About this exercise: If a line of the records contains the word "with", list it.
# # #
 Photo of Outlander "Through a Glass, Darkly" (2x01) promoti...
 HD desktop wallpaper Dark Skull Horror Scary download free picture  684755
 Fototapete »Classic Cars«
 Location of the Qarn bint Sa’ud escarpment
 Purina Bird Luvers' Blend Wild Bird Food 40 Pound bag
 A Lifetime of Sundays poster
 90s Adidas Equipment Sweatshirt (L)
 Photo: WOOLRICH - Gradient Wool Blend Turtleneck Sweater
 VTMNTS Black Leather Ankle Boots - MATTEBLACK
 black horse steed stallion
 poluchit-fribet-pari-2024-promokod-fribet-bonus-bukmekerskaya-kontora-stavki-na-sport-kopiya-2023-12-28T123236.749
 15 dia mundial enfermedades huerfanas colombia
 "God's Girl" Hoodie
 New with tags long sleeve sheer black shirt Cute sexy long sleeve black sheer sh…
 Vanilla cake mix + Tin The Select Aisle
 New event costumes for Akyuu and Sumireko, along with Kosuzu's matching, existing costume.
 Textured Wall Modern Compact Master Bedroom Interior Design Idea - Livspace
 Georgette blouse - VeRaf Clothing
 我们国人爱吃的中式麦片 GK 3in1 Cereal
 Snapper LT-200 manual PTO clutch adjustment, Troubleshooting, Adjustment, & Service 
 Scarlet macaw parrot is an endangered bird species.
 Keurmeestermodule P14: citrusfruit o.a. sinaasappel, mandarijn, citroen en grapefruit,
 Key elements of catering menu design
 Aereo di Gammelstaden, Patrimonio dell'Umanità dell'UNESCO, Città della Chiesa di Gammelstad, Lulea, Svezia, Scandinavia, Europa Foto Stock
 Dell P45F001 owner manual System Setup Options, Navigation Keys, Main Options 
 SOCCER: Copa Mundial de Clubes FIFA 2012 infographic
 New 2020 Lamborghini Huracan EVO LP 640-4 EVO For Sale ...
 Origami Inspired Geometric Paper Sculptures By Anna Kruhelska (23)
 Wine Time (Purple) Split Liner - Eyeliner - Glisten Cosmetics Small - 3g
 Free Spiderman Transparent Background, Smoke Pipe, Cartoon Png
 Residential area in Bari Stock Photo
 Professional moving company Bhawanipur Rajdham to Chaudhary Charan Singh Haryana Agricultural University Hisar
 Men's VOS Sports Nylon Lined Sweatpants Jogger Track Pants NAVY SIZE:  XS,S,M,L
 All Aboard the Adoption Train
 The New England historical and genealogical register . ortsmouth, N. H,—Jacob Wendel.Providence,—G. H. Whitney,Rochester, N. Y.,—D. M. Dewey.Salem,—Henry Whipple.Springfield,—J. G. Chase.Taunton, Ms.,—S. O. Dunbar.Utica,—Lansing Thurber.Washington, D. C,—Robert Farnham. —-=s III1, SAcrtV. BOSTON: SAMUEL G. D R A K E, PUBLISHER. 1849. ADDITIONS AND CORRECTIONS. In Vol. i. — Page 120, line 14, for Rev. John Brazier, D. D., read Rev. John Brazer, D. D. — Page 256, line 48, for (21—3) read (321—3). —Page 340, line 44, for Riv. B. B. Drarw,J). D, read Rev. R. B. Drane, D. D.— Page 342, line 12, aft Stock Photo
# # #
Answer to this exercise:
 New with tags long sleeve sheer black shirt Cute sexy long sleeve black sheer sh…
 New event costumes for Akyuu and Sumireko, along with Kosuzu's matching, existing costume.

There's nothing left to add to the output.